Figure 3. Process A spawns a
clone of itself
- At inception, Process Z begins execution at the same place where Process A
left off. That is, after inception, Process Z begins execution at Instruction
14. Process A continues execution at the same instruction.
- Typically, the programming logic at Instruction 14 tests whether the current
process is the child or parent process -- that is, Instruction 14 in Process Z
and Instruction 14 in process A separately determine if its process is the
progeny or progenitor. To differentiate, the
fork()
system call returns 0 in the progeny but returns the process ID of Process Z to
the progenitor.
- After the previous test, Process A and Process Z diverge, each taking a
separate code path, as if both came to a fork in the road and each took a
distinct branch. The process of spawning a new process is more often called
forking, given the metaphor of two travelers reaching a fork in the
road. Hence, the system call is named
fork().
After the fork, Process A might continue running the same application. However,
Process Z might immediately choose to metamorphose to another application. The
latter operation of changing what program is running with a process is called
execution, but you can think of it as reincarnation: Although the process
ID remains the same, the instructions within the process are replaced entirely
with those of the new program. Figure 4 shows the state of
Process Z some time later.
Figure 4. Process Z is now
independent of its progenitor, Process A
Forking
around
You can experience forking right from the comfort of your private command line.

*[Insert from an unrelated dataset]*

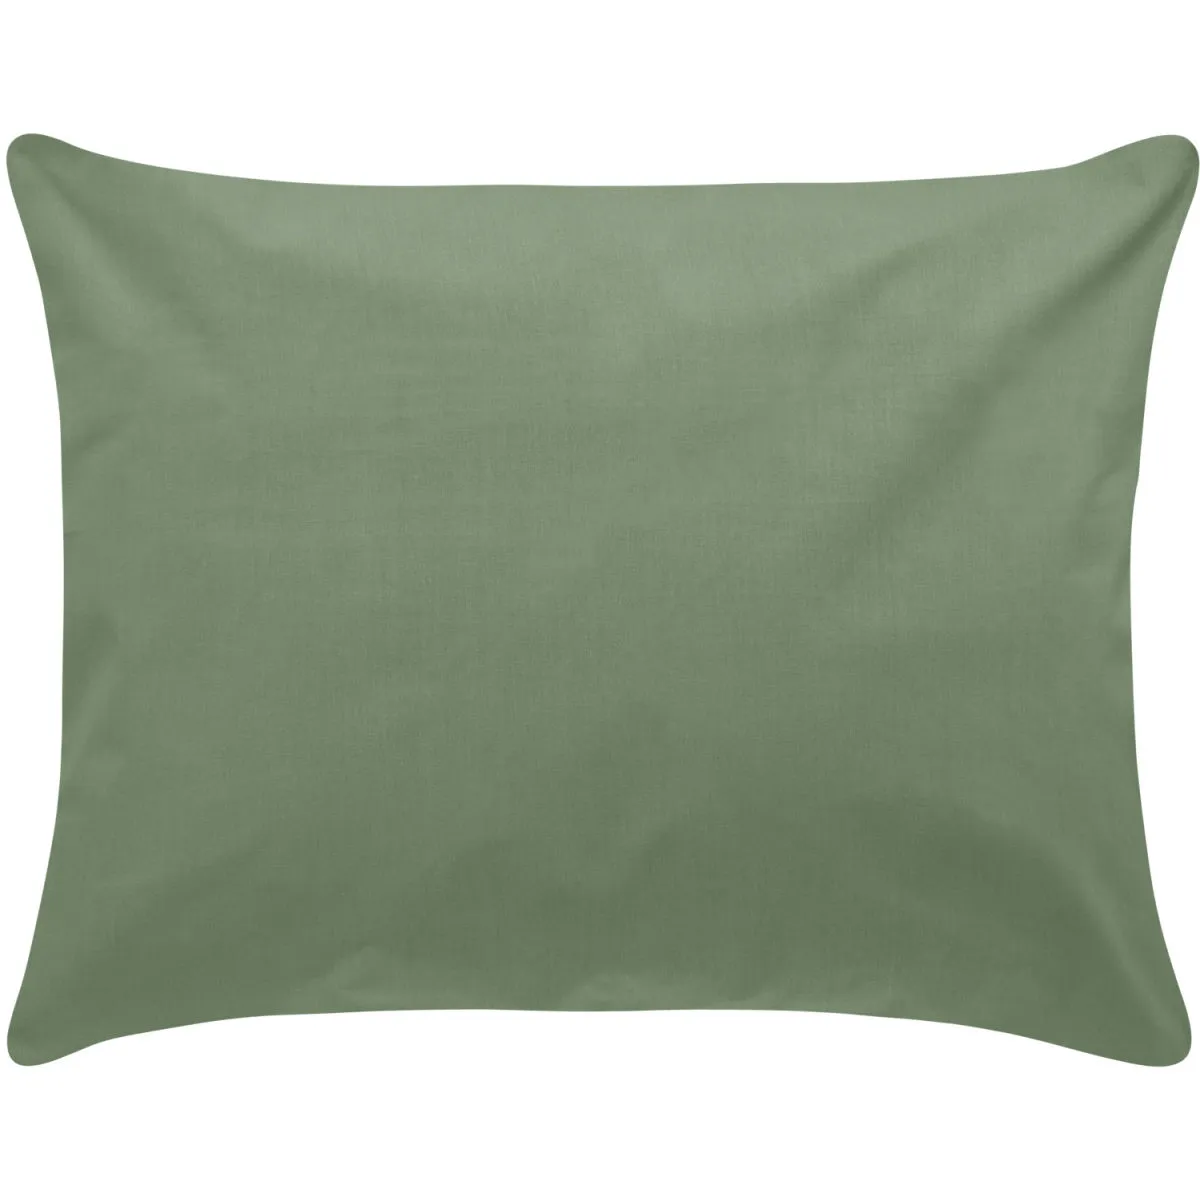 Federa cuscino Sienna chiusura a sacco ; 40x80 cm (LxL); cachi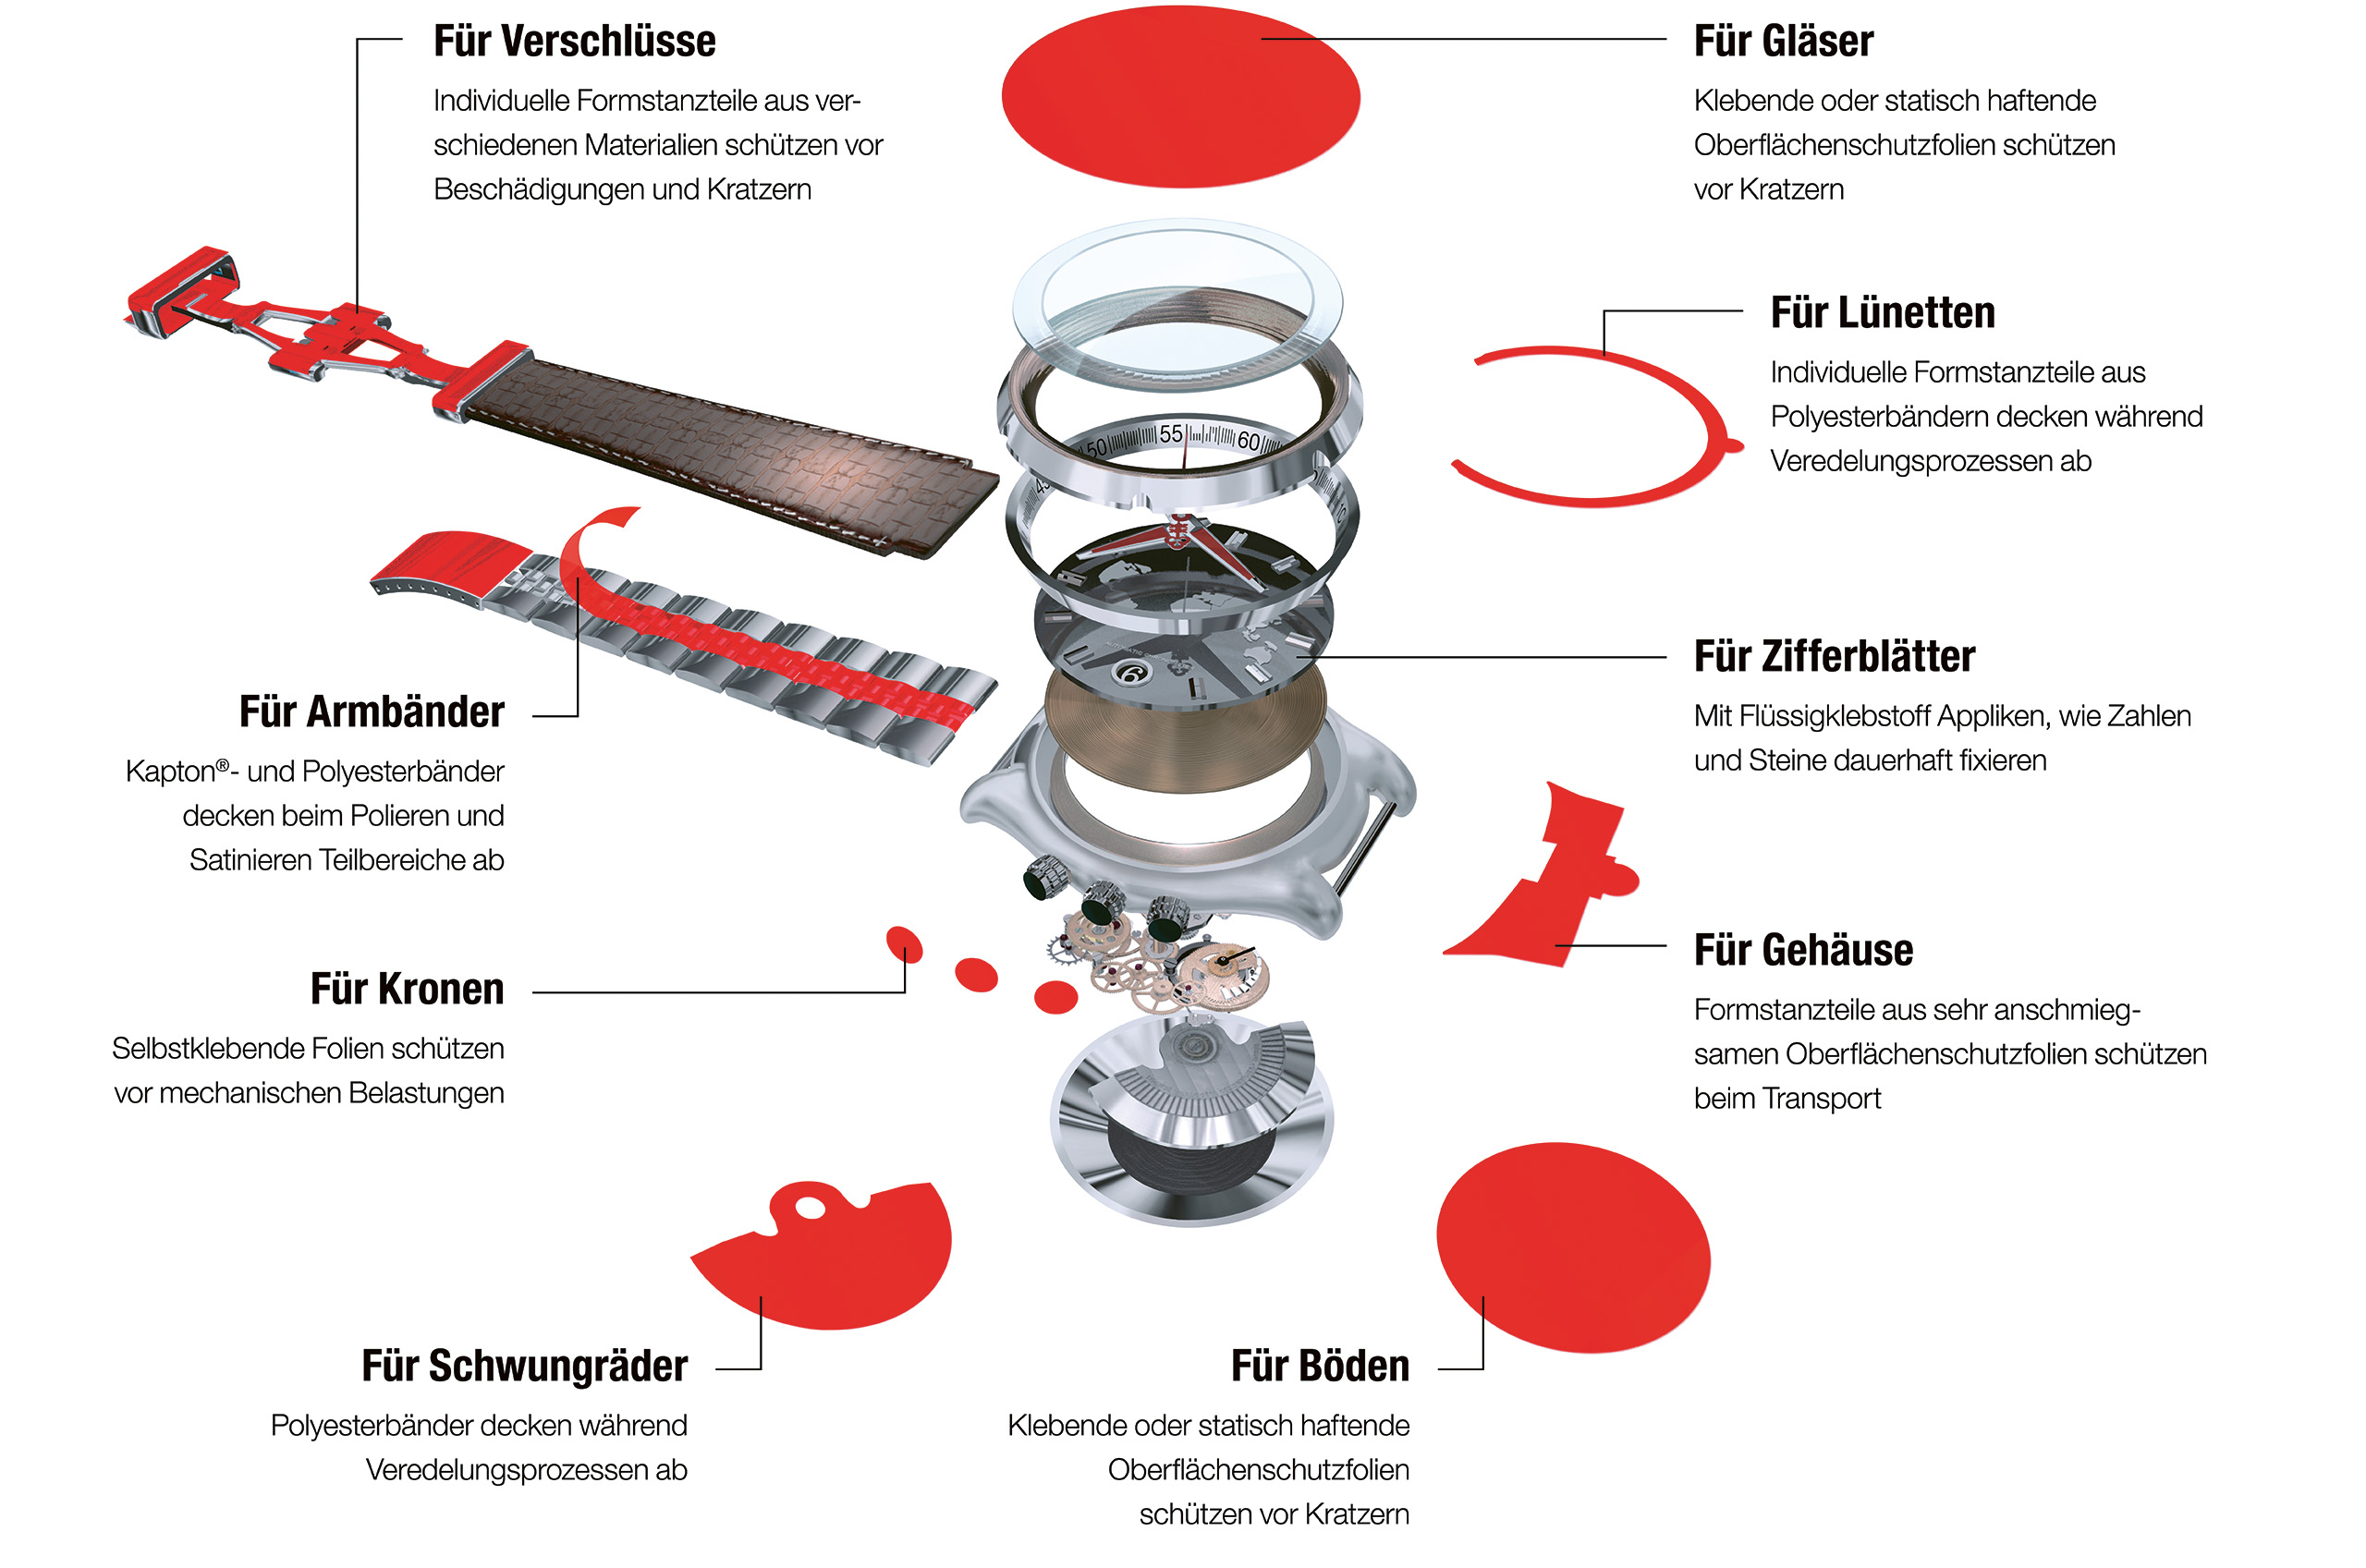 Einsatzmöglichkeiten von Oberflächenschutzfolien für die Uhrenindustrie.

To begin, open a new xterm. (You likely now realize that xterm is its own
process and, within xterm, the shell is a separate process spawned by xterm).
Next, type:
ps -o pid,ppid,uname,command,state,stime,time
|
You should see something like this:
PID PPID USER COMMAND S STIME TIME
16351 16350 mstreic -bash S 11:23 00:00:00
16364 16351 mstreic ps -o pid,ppid,u R 11:24 00:00:00
|
According to the PPID fields in this list, the
ps command is a child of the bash shell. (The
hyphen in -bash indicates that the shell instance is a
login shell.) To run ps, bash forks to create a new
process; the new process reincarnates itself using execution, turning into a new
instance of ps.
Here's another experiment to try. Type:
sleep 10 & sleep 10 & sleep 10 & ps -o pid,ppid,uname,command,state,stime,time
|
You should see something like this:
$ sleep 10 & sleep 10 & sleep 10 & ps -o pid,ppid,uname,command,state,stime,time
PID PPID USER COMMAND S STIME TIME
16351 16350 mstreic -bash S 11:23 00:00:00
16843 16351 mstreic sleep 10 S 11:42 00:00:00
16844 16351 mstreic sleep 10 S 11:42 00:00:00
16845 16351 mstreic sleep 10 S 11:42 00:00:00
16846 16351 mstreic ps -o pid,ppid,u R 11:42 00:00:00
|
The command line spawns four new processes. Typing ampersand
(&) after each sleep
command runs each of those commands in the background, or in parallel with
the shell. ps is another spawned process, but it's
running in the foreground, preventing the shell from running another
command until it terminates. Again, all four processes are the spawn of the shell,
as shown by the values of PPID. The three sleep
commands are marked S, because none of the process are
consuming resources while they're sleeping.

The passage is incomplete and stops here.